CreateIndexRequest request = CreateIndexRequest.of(idx -> idx
.index("docs-v1")
.mappings(m -> m
.properties("category", p -> p
.text(t -> t
.analyzer("standard")
.fields("raw", f -> f
.keyword(k -> k
.ignoreAbove(256)
)
)
)
)
)
);
The text field feeds the inverted index. The keyword sub-field builds doc values. Searching uses the analyzed text. Aggregations use the keyword. No fielddata in heap. No circuit breaker trips.
Segments: Where the Index Lives on Disk
The inverted index does not exist as a single file. Lucene, the library underneath OpenSearch, writes data in immutable segments. Each segment is a self-contained inverted index with its own term dictionary, postings lists, doc values, and stored fields.

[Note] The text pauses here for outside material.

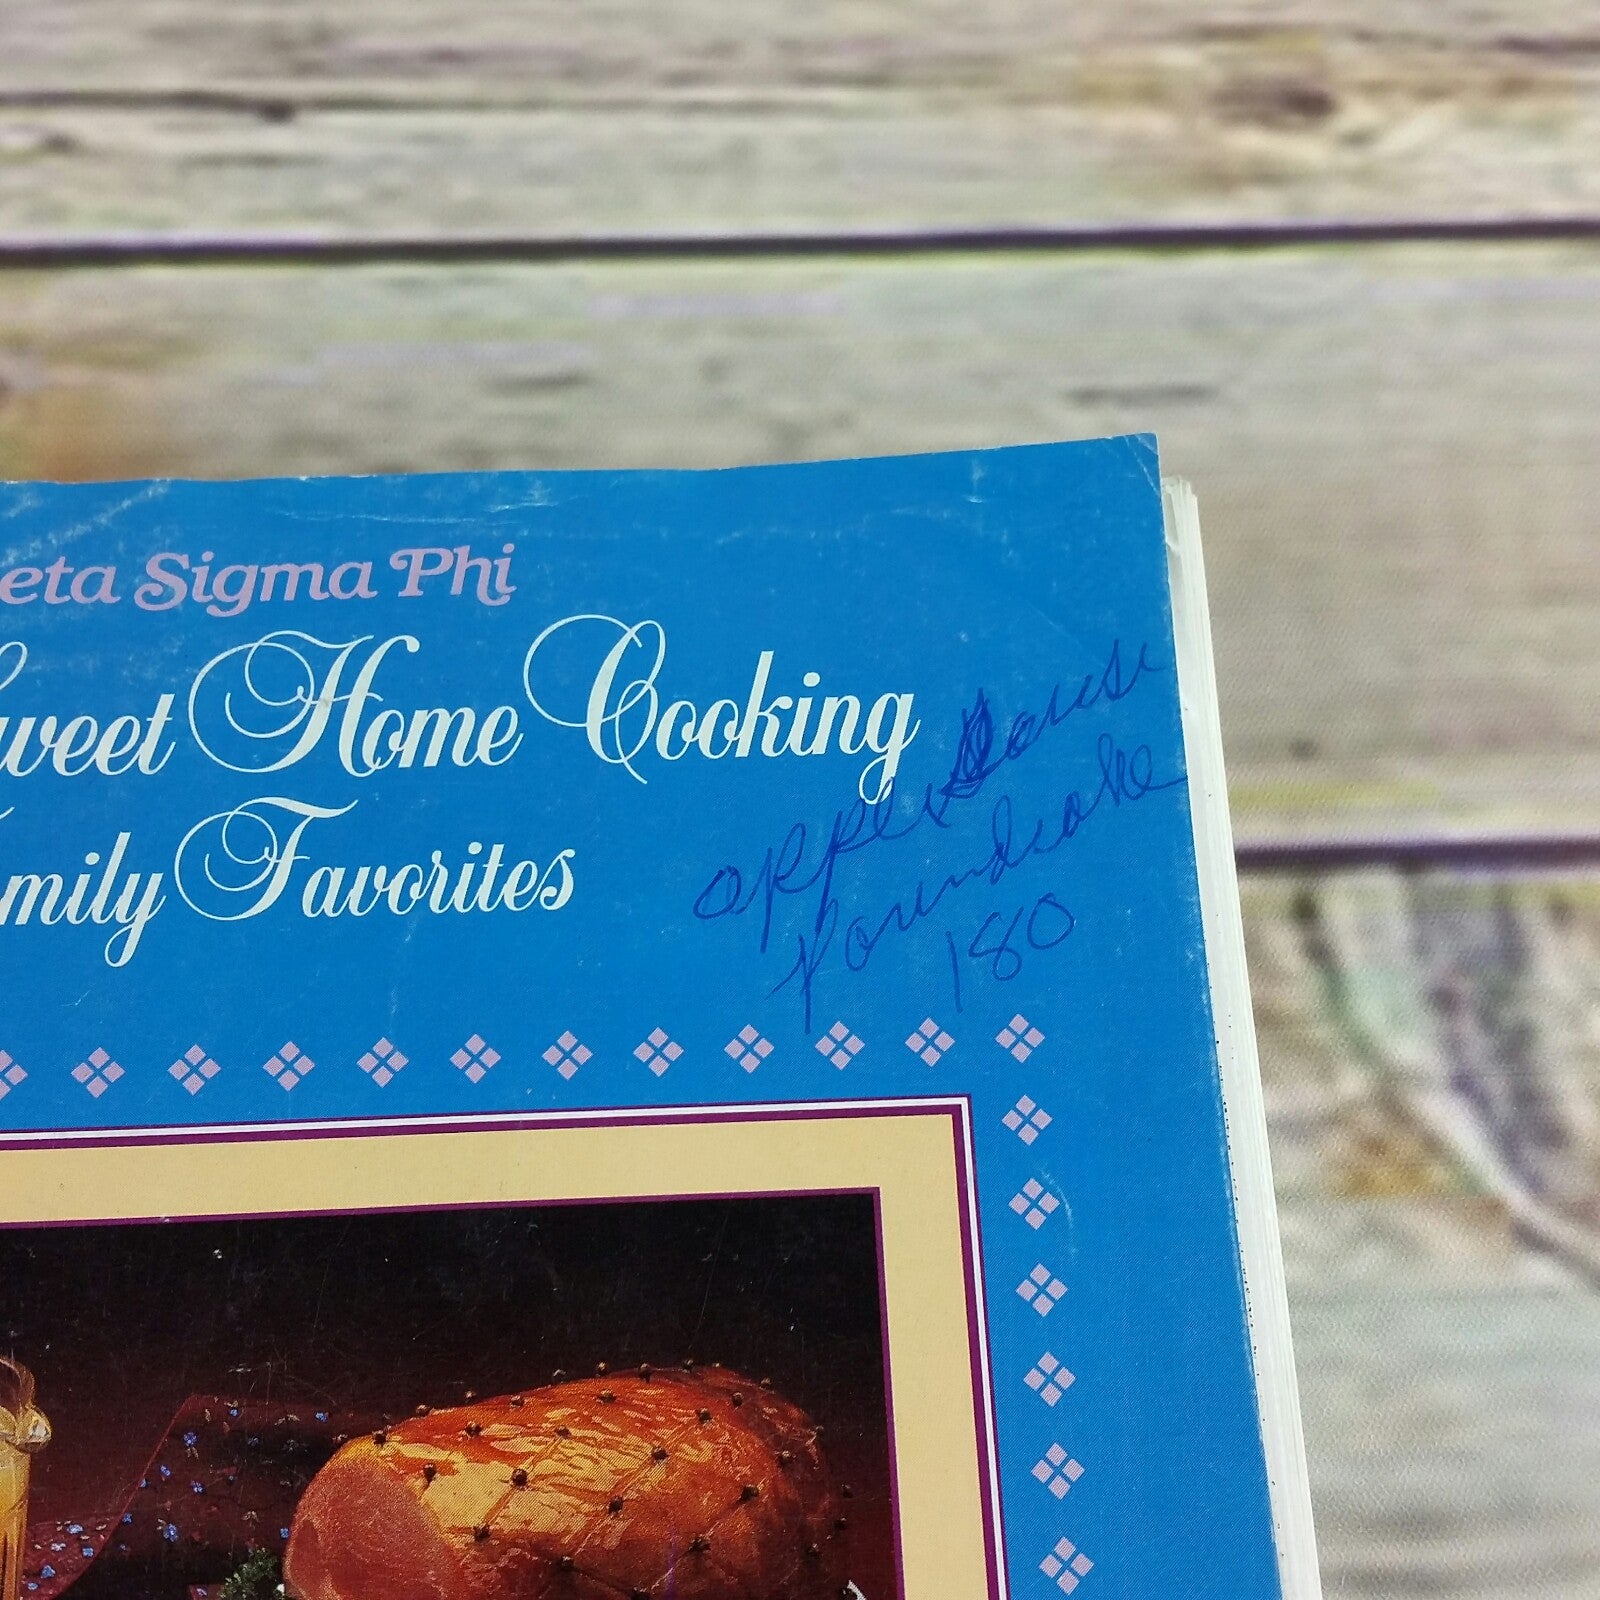 Vintage Cookbook Beta Sigma Phi Home Sweet Home Cooking Family Favorites 1993 - At Grandma's Table

When you index a document, it goes into an in-memory buffer. When the buffer is flushed (either by the refresh interval or explicitly), a new segment is written to disk. Segments are immutable. Once written, they are never modified. Deleting a document does not remove it from the segment; it marks it in a bitset. The deleted document is physically removed only when segments merge.

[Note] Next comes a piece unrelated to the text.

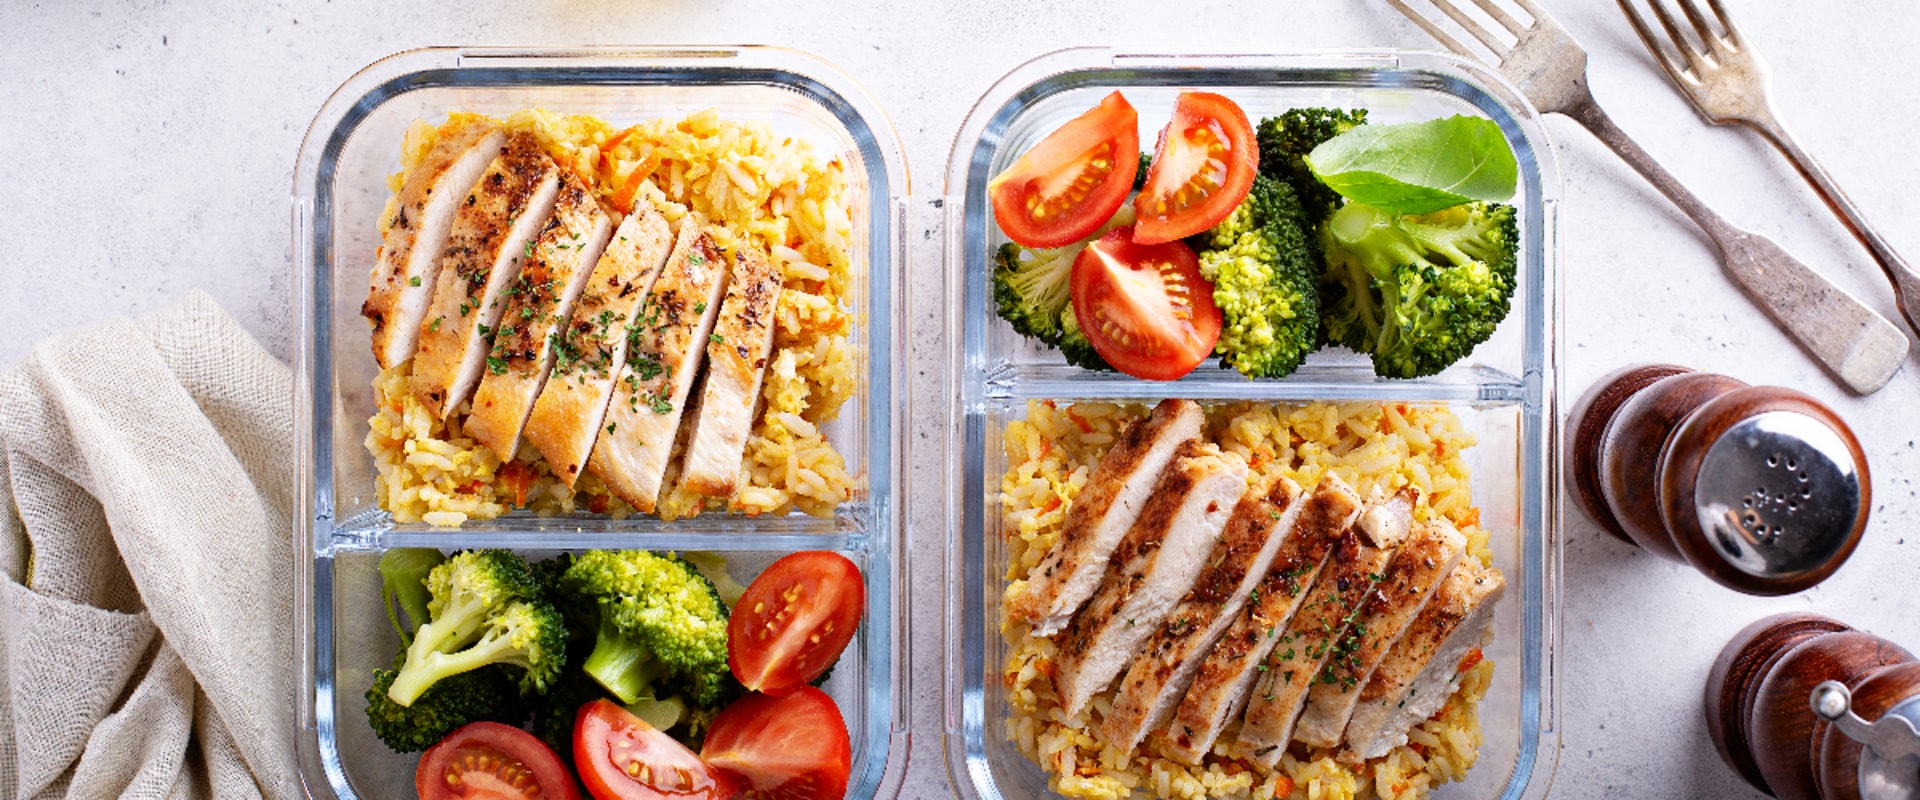 How to Plan Healthy Meals on a Budget

This immutability has consequences:
- Updates are delete-plus-reindex. Updating a single field in a document marks the old version as deleted and writes the entire document into a new segment. There is no in-place update.
- Segment count affects query speed. A query must search every segment and merge the results. More segments means more work at query time.

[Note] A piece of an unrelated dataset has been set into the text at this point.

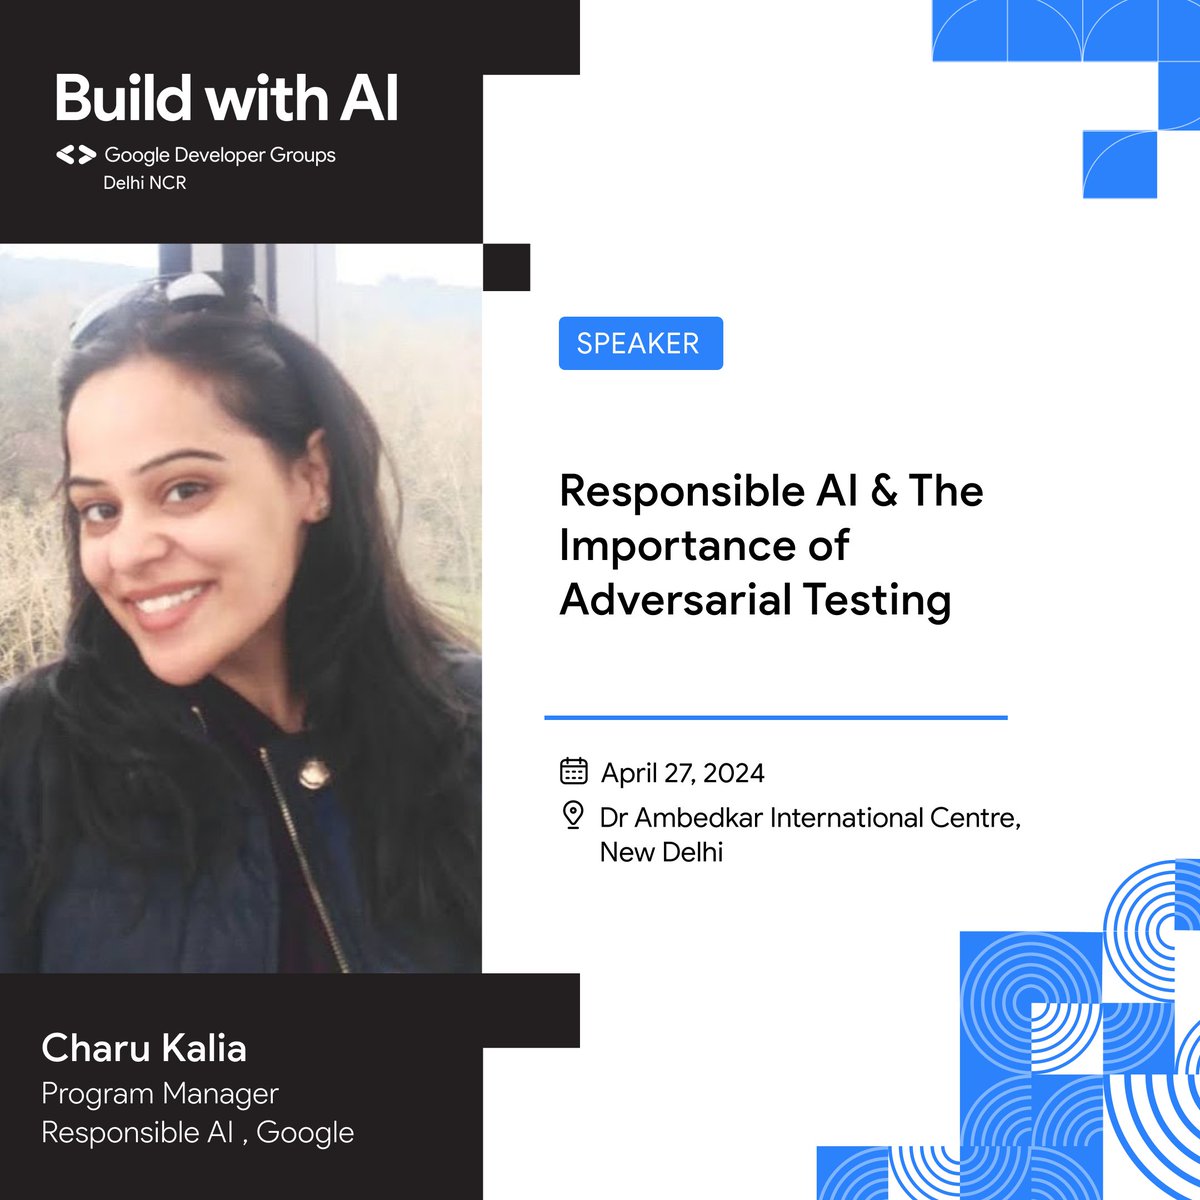 Charu Kalia - Responsible AI: Listen up, AI builders! 👂 As this shiny new tech goes mainstream, it's critical we develop it responsibly. That's why we've got Charu Kalia, a Program Manager for Responsible AI at Google.

- Merge policy determines write amplification. Lucene’s tiered merge policy periodically combines small segments into larger ones, reducing segment count but consuming CPU and I/O.
The relationship between refresh interval, segment count, and query latency is one of the most important tuning decisions in OpenSearch, and it is covered in depth in chapter 6.
The Documentation Search Platform
The system this book builds is a multi-tenant documentation search engine with the following index structure:
// HARDENED: Production mapping for the documentation search platform
CreateIndexRequest request = CreateIndexRequest.of(idx -> idx
.index("docs-v1")
.settings(s -> s
.numberOfShards("3")
.numberOfReplicas("1")
.refreshInterval(t -> t.time("5s"))
)
.mappings(m -> m
.properties("tenant_id", p -> p.keyword(k -> k))
.properties("title", p -> p.text(t -> t
.analyzer("standard")
.fields("exact", f -> f.keyword(k -> k.ignoreAbove(512)))
))
.properties("body", p -> p.text(t -> t
.analyzer("standard")
))
.properties("code_snippets", p -> p.text(t -> t
.analyzer("whitespace")
))
.properties("api_method", p -> p.keyword(k -> k))
.properties("version", p -> p.keyword(k -> k))
.properties("content_type", p -> p.keyword(k -> k))
.properties("created_at", p -> p.date(d -> d
.format("strict_date_optional_time||epoch_millis")
))
)
);
/*
Equivalent JSON mapping:
{
"settings": {
"number_of_shards": 3,
"number_of_replicas": 1,
"index.refresh_interval": "5s"
},
"mappings": {
"properties": {
"tenant_id": { "type": "keyword" },
"title": { "type": "text", "analyzer": "standard",
"fields": { "exact": { "type": "keyword", "ignore_above": 512 } } },
"body": { "type": "text", "analyzer": "standard" },
"code_snippets":{ "type": "text", "analyzer": "whitespace" },
"api_method": { "type": "keyword" },
"version": { "type": "keyword" },
"content_type": { "type": "keyword" },
"created_at": { "type": "date", "format": "strict_date_optional_time||epoch_millis" }
}
}
}
*/
Every chapter refers to this mapping. Chapter 2 examines why code_snippets uses a whitespace analyzer instead of standard. Chapter 5 explains why tenant_id is a keyword, not a text field with a keyword sub-field. Chapter 8 shows why title needs different boost weights than body for the documentation search use case.
The diagram above shows the complete path from a raw documentation page to a searchable entry in the inverted index. The document enters the analysis pipeline, which tokenizes and normalizes the text. Each resulting term is added to the term dictionary, which maps to a postings list containing document IDs, term frequencies, and positions. This entire structure lives inside an immutable Lucene segment. When you understand this path, you understand why changing an analyzer requires a full reindex: the terms stored in existing segments were produced by the old analyzer and cannot be re-analyzed in place.